We analyzed 2,051 postmenopausal women from the Women’s Health Initiative. Race-specific analyses focused on Black, Hispanic, and White participants (n=2,009), excluding American Indian/Alaska Native and Asian/Pacific Islander individuals due to sparse fracture events. Sarcopenia status was operationalized by low handgrip strength alone via EWGSOP2 (<16.0 kg) and AWGS 2025 (<18.0–20.0 kg) criteria. Fine-Gray models estimated subdistribution hazard ratios (sHR), treating death as a competing risk. Predictive performance at 10 years was assessed using time-dependent AUC, Brier scores, and decision curve analysis (DCA).

Results

Handgrip-defined probable or possible sarcopenia prevalence was 4.4% (EWGSOP2) and 6.4% (AWGS 2025). Black women demonstrated lower risk for major osteoporotic fractures (MOF) (adjusted sHR=0.19, 95% CI: 0.08–0.48) and hip fractures (adjusted sHR=0.07, 95% CI: 0.01–0.52) compared to White women. Neither sarcopenia status nor high GPS showed statistically significant independent associations with fractures after FRAX adjustment.

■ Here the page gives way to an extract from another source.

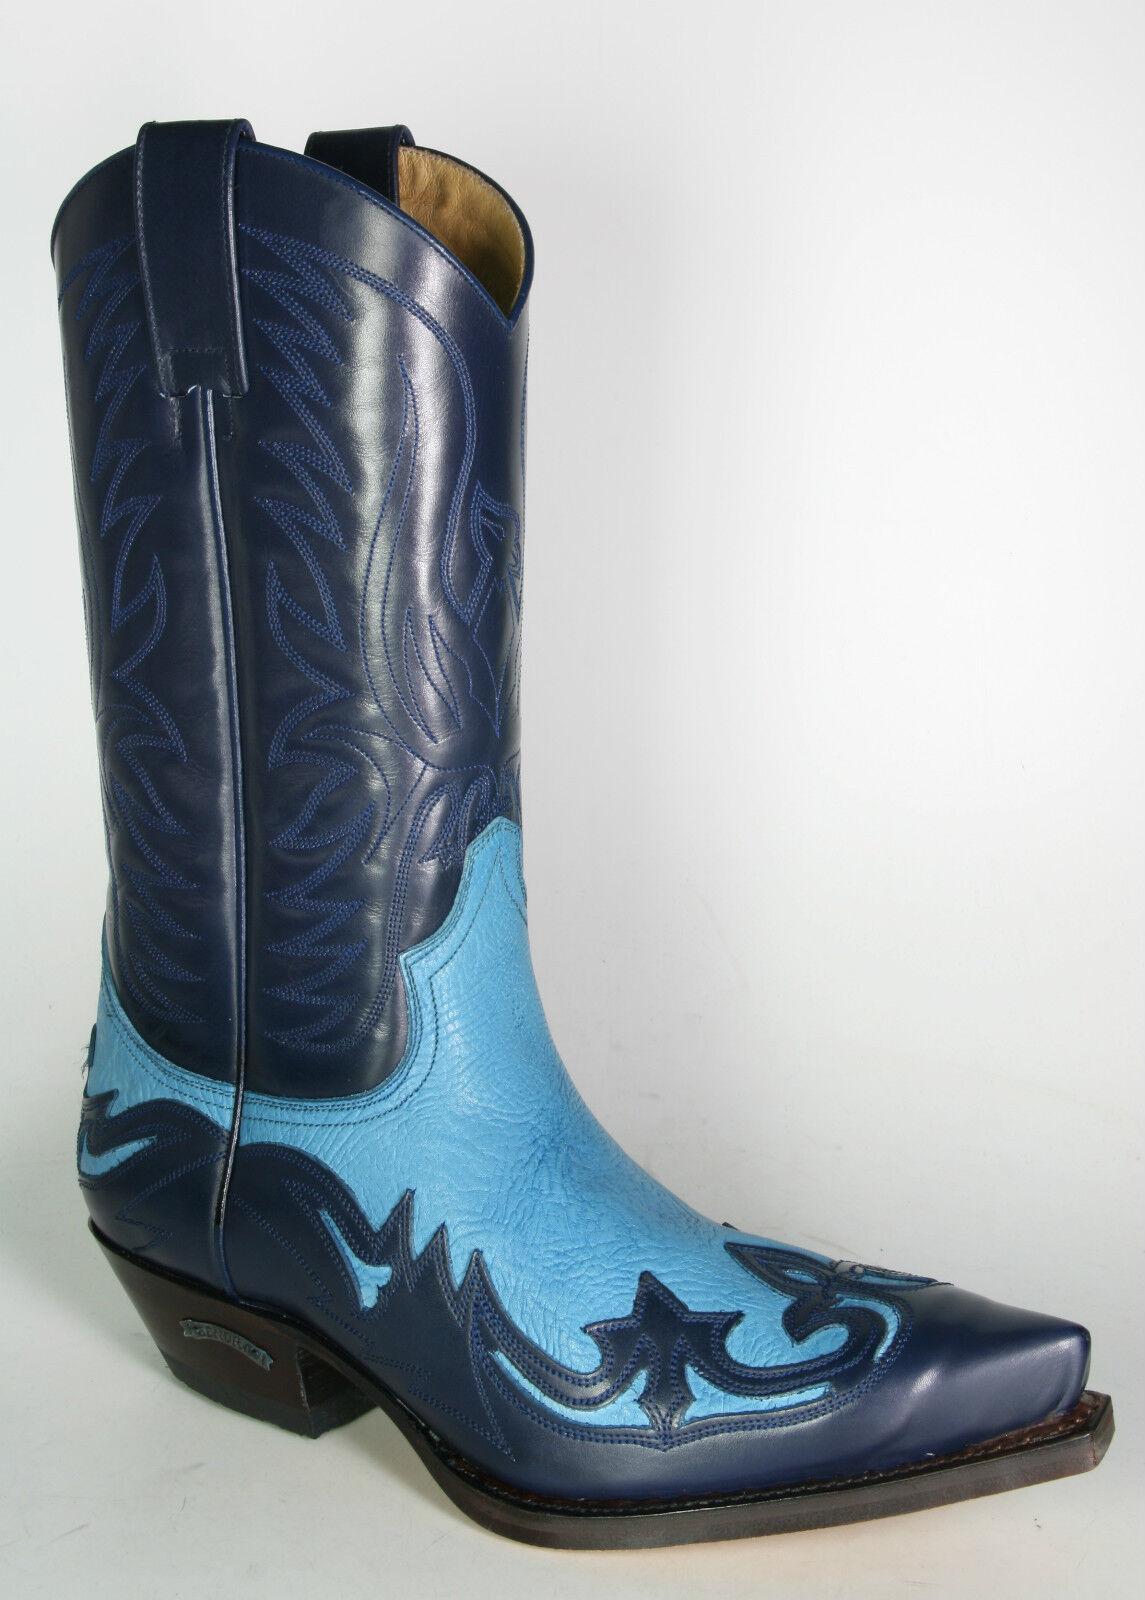 Billig gute Qualität 3241 Sendra Cowboystiefel Marino Azul
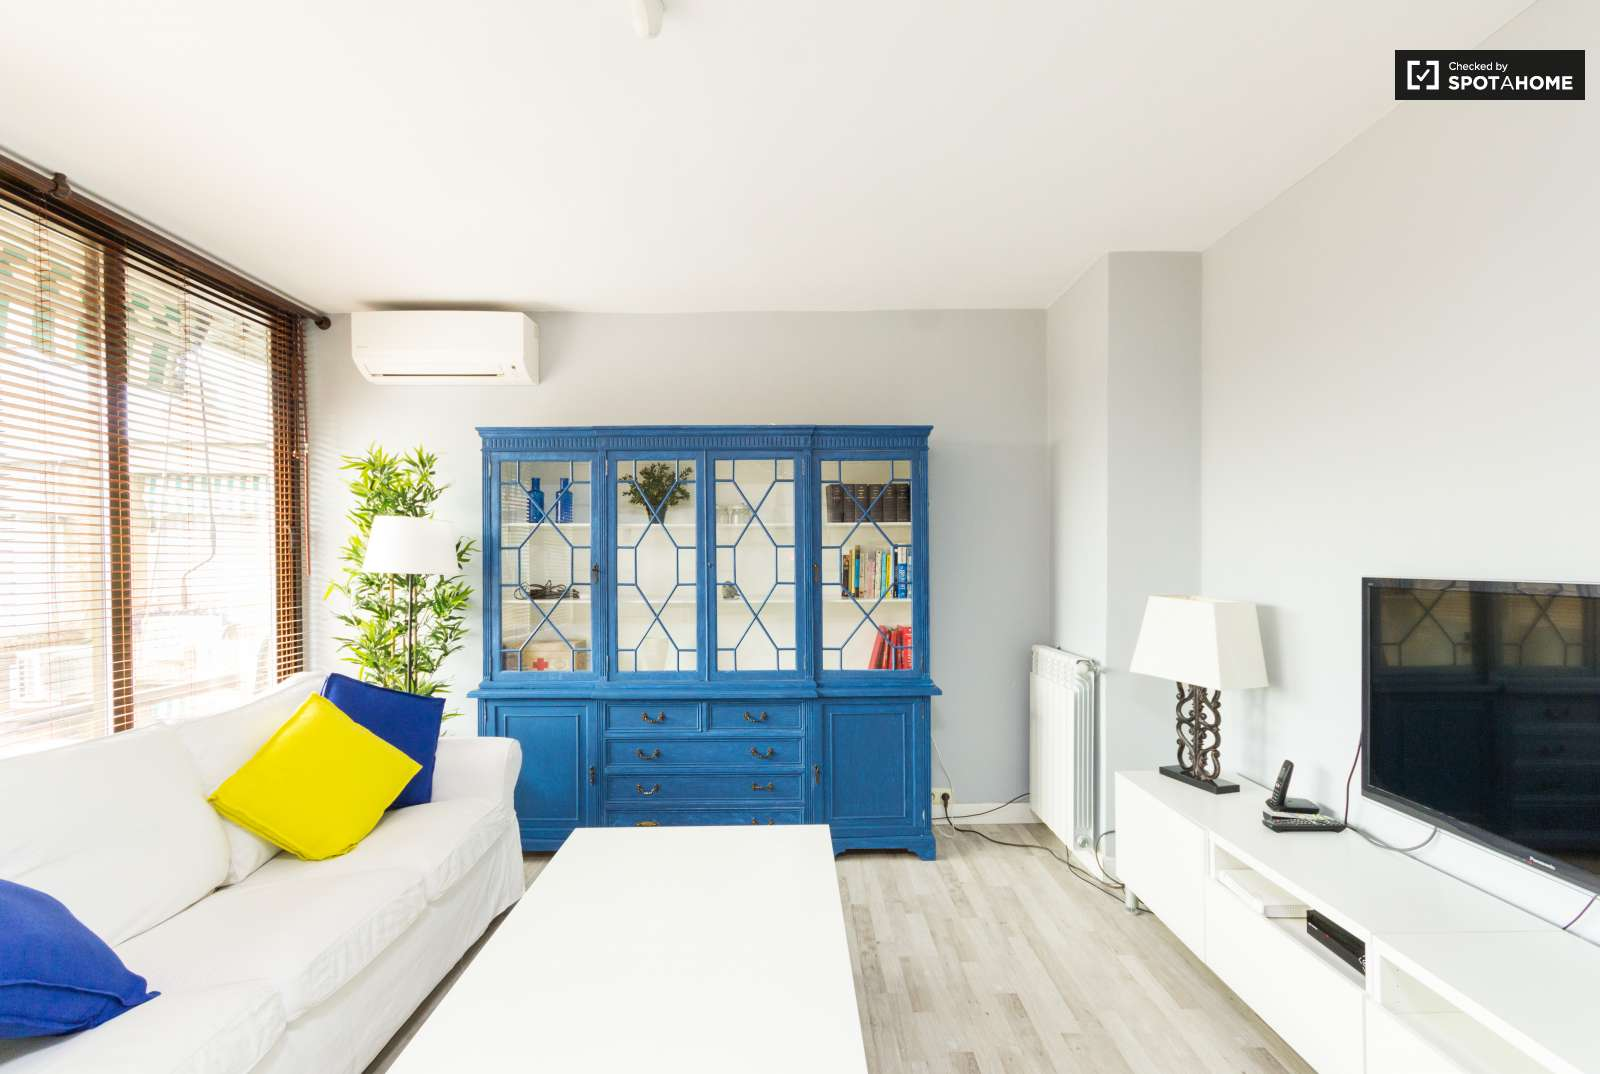 Piso de 1 habitaci n en alquiler con acceso a piscina - Pisos con piscina en madrid ...

Adding sarcopenia status to baseline FRAX (AUC: 0.71 for MOF; 0.69 for hip) yielded near-identical AUCs, Brier scores, and within-sample net benefit.

Conclusion

Handgrip-defined probable/possible sarcopenia and current GPS do not provide independent or incremental predictive value beyond the clinical FRAX framework within this genomic sub-sample of older women.

Mini Abstract

The Fracture Risk Assessment Tool (FRAX) currently excludes skeletal muscle and genomic metrics. In 2,051 postmenopausal women, incorporating handgrip-defined sarcopenia and polygenic scores provided no incremental predictive benefit beyond standard FRAX. Within this study population, separate integration of these markers may not enhance routine fracture risk stratification.